Material provided
↓

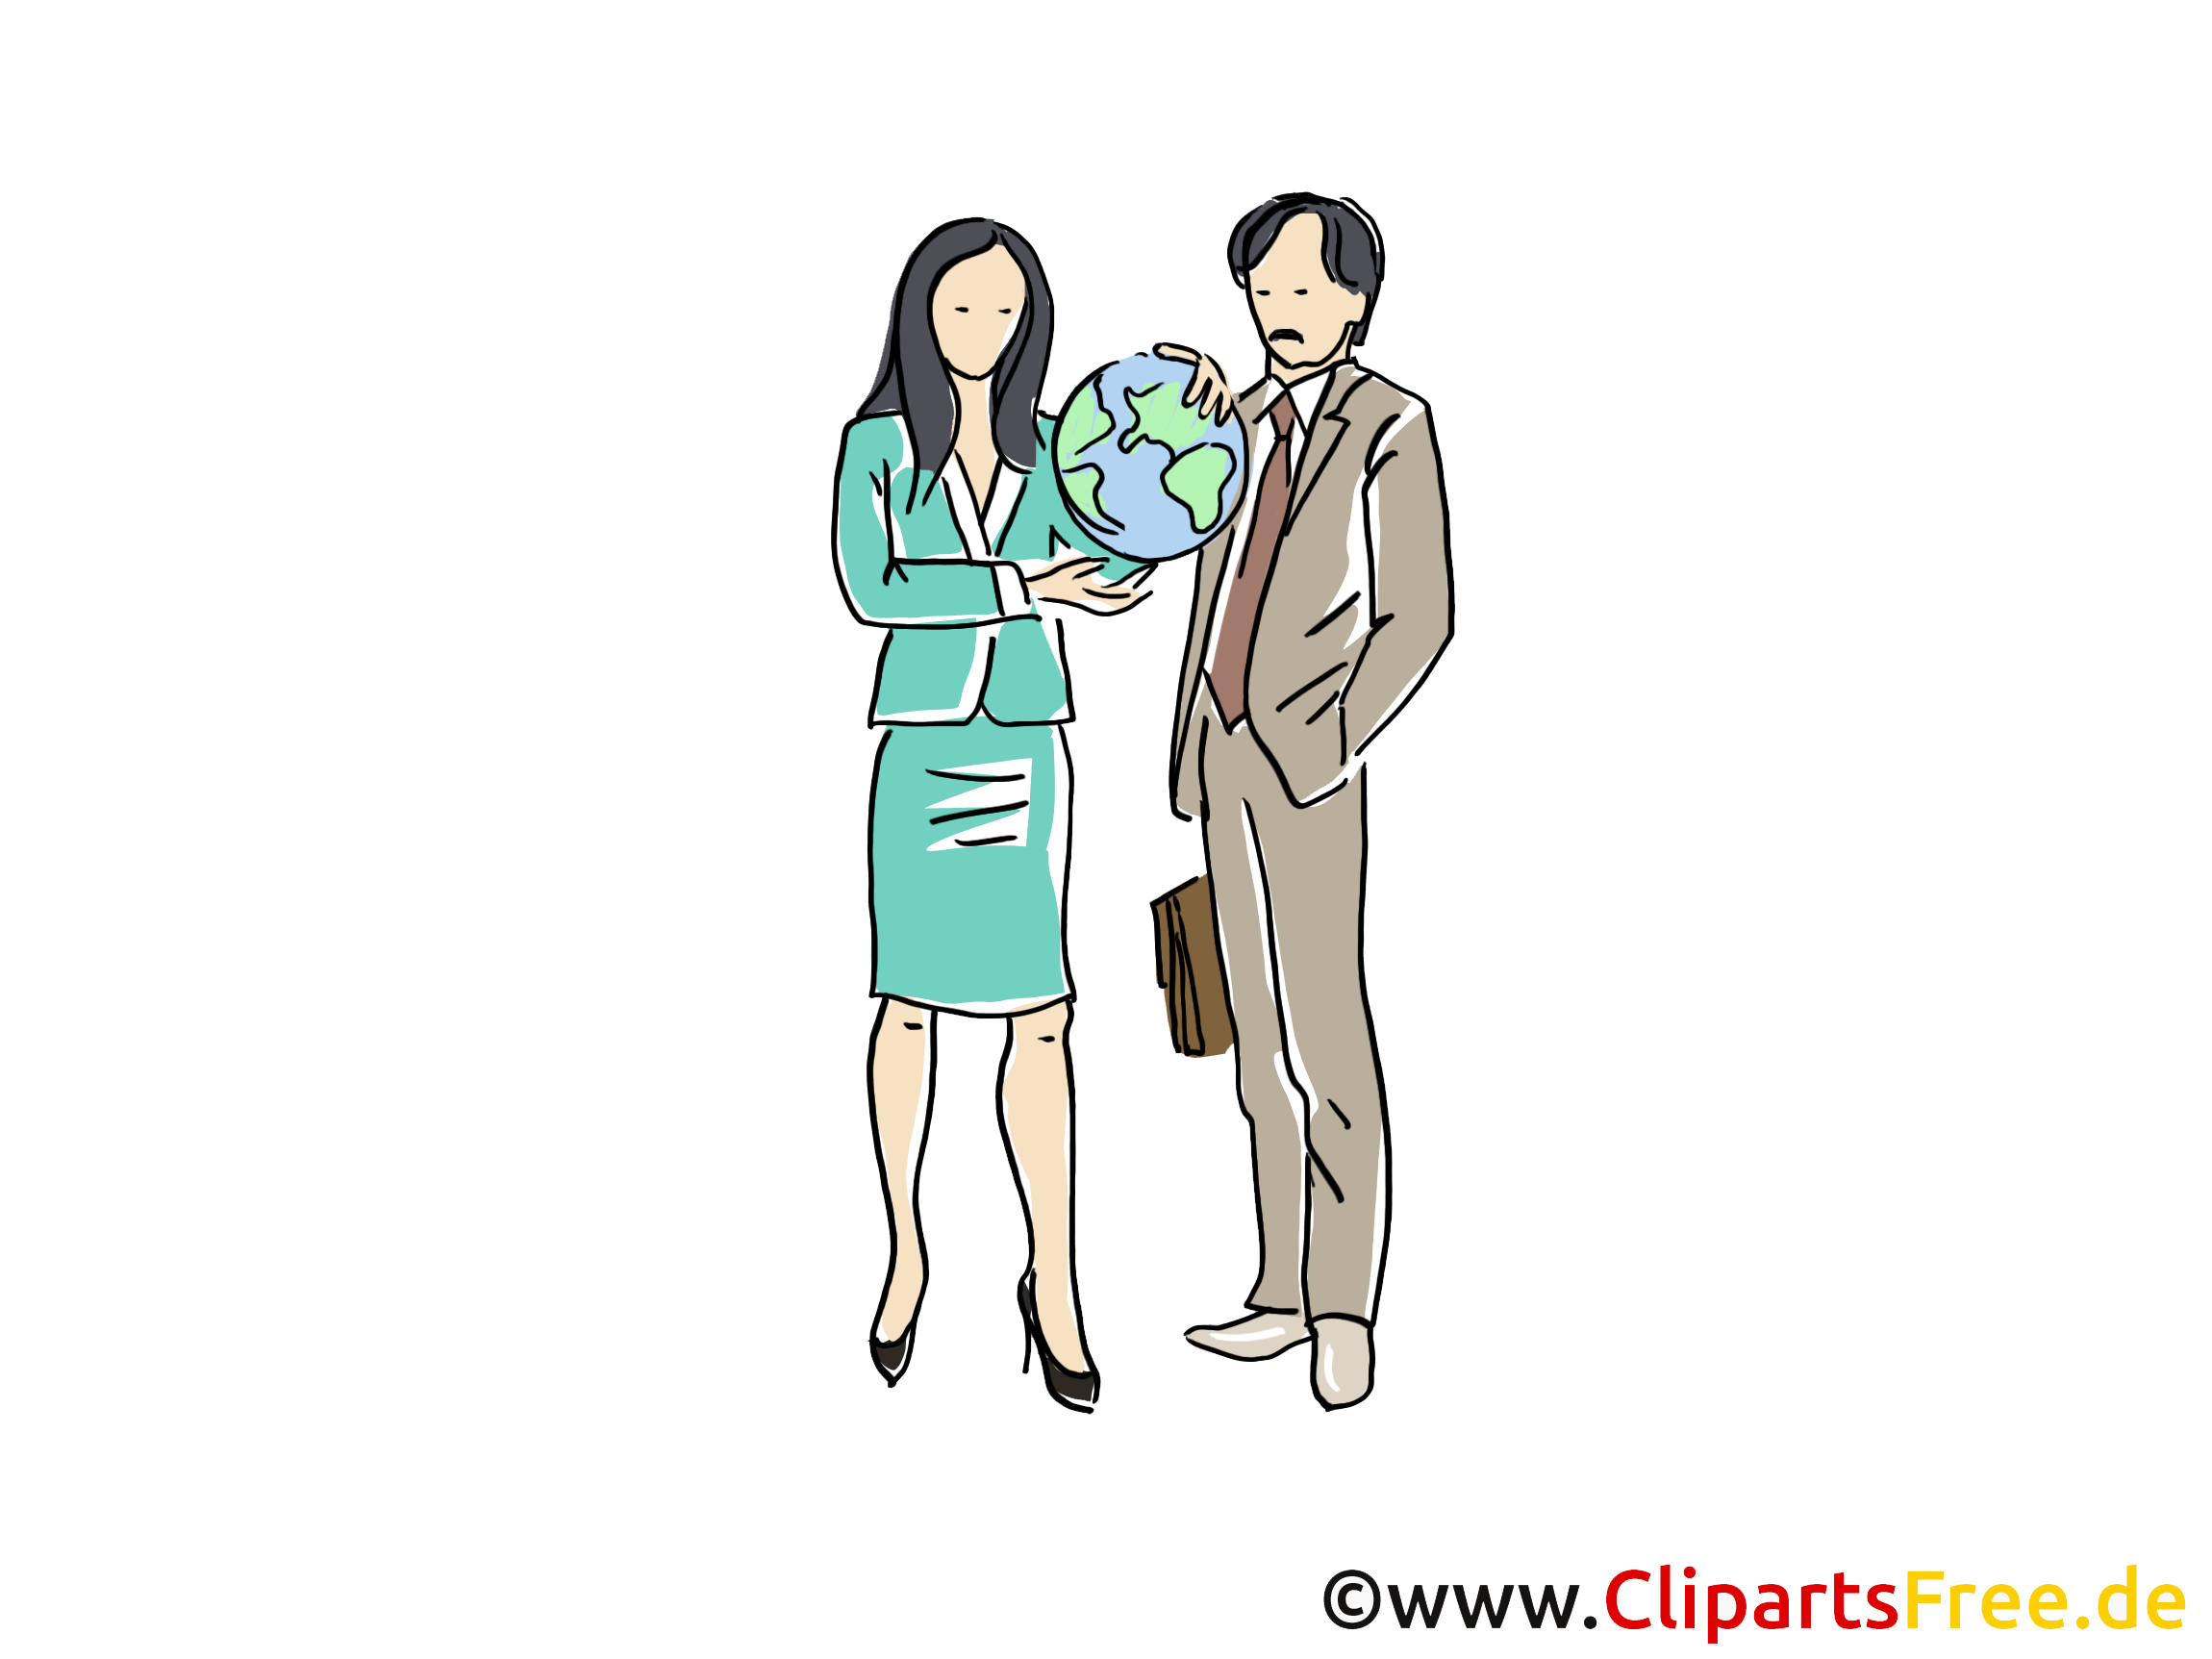 Reisebüro Clipart, Grafik, Bild, Cartoon
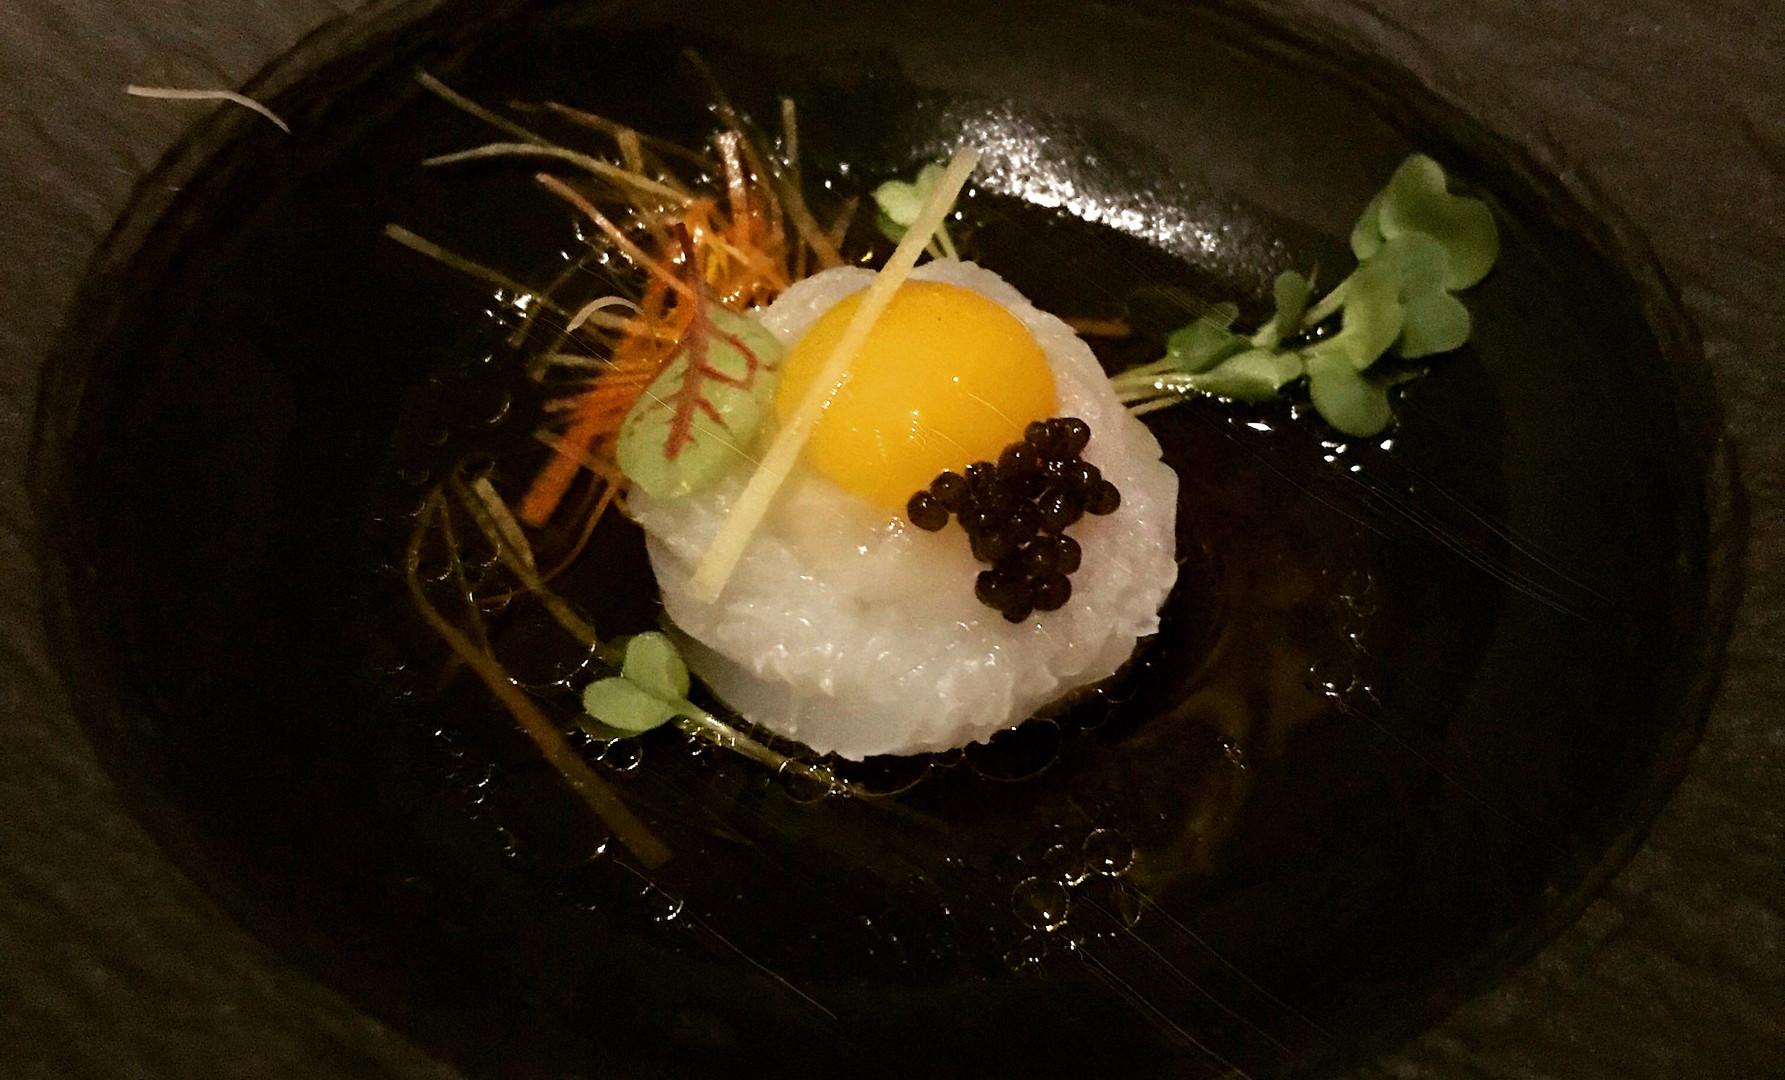 Ika Somen- Crudo di calamaro sfrangiato, caviale Kaluga Amur, verdure croccanti, uovo di quaglia
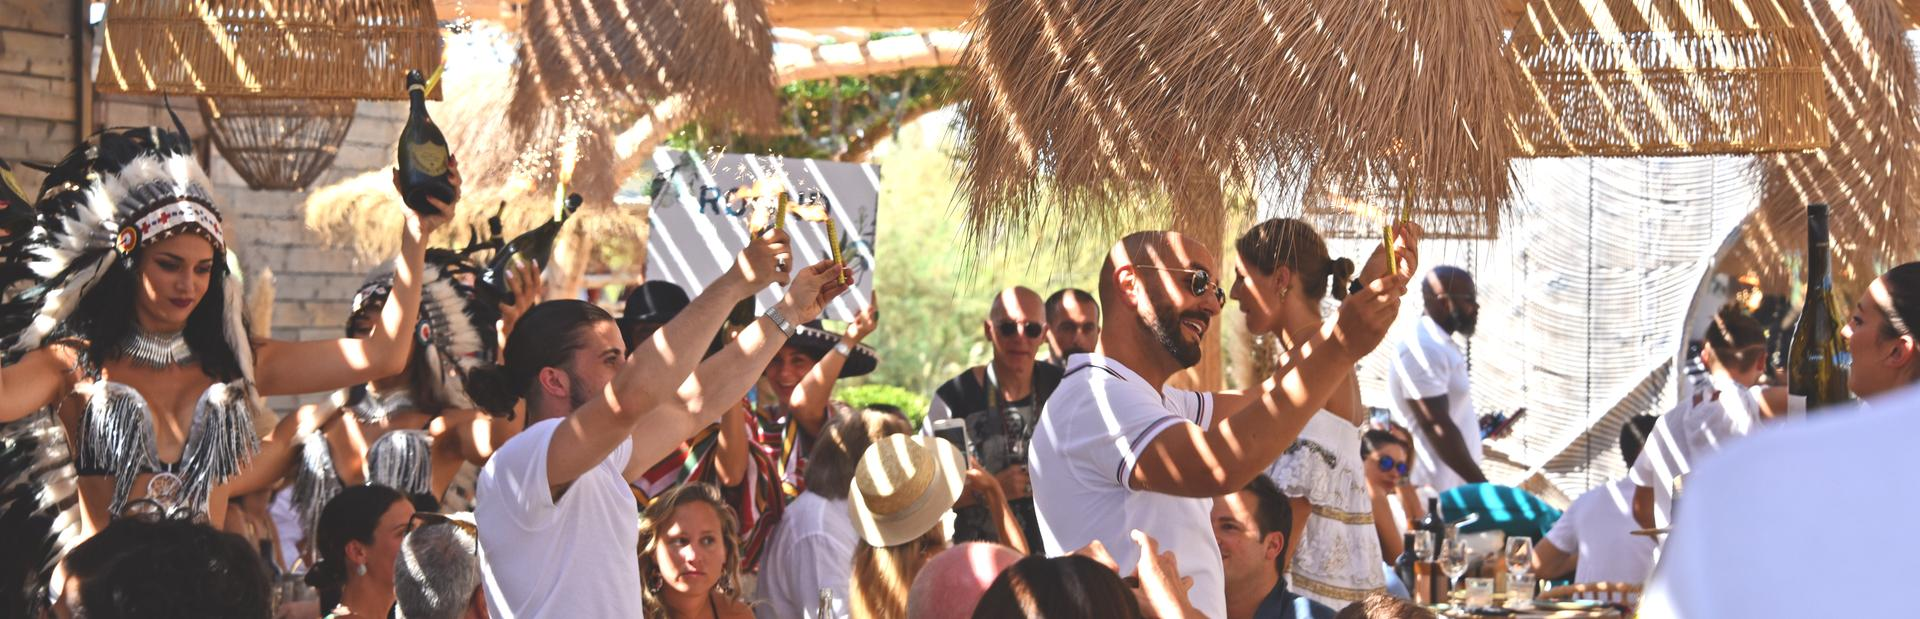 The best St Tropez beach clubs 2021
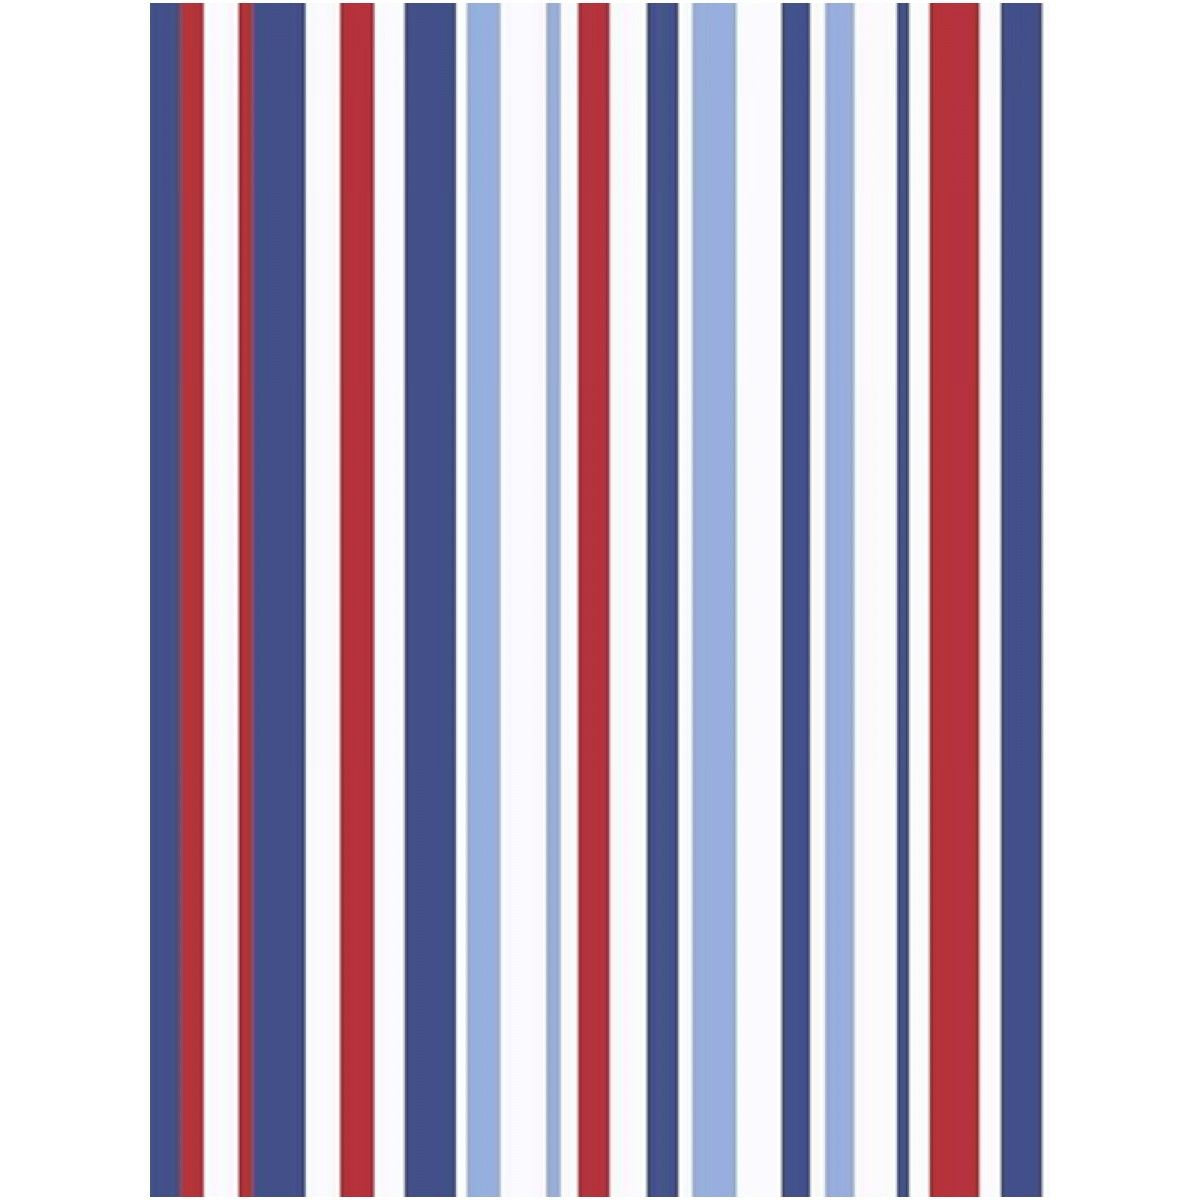 Stripe Wallpaper Red Cream Grey Direct Wallpapers E40910 Striped Wallpaper Red Striped Wallpaper Red Wallpaper

↑

Goal of the exercise
Leave out every picture and write out exactly the lines running from the line containing "Ika Somen- Crudo" to the end of the listing above.

Reply to the exercise
 Ika Somen- Crudo di calamaro sfrangiato, caviale Kaluga Amur, verdure croccanti, uovo di quaglia
 The best St Tropez beach clubs 2021
 Stripe Wallpaper Red Cream Grey Direct Wallpapers E40910 Striped Wallpaper Red Striped Wallpaper Red Wallpaper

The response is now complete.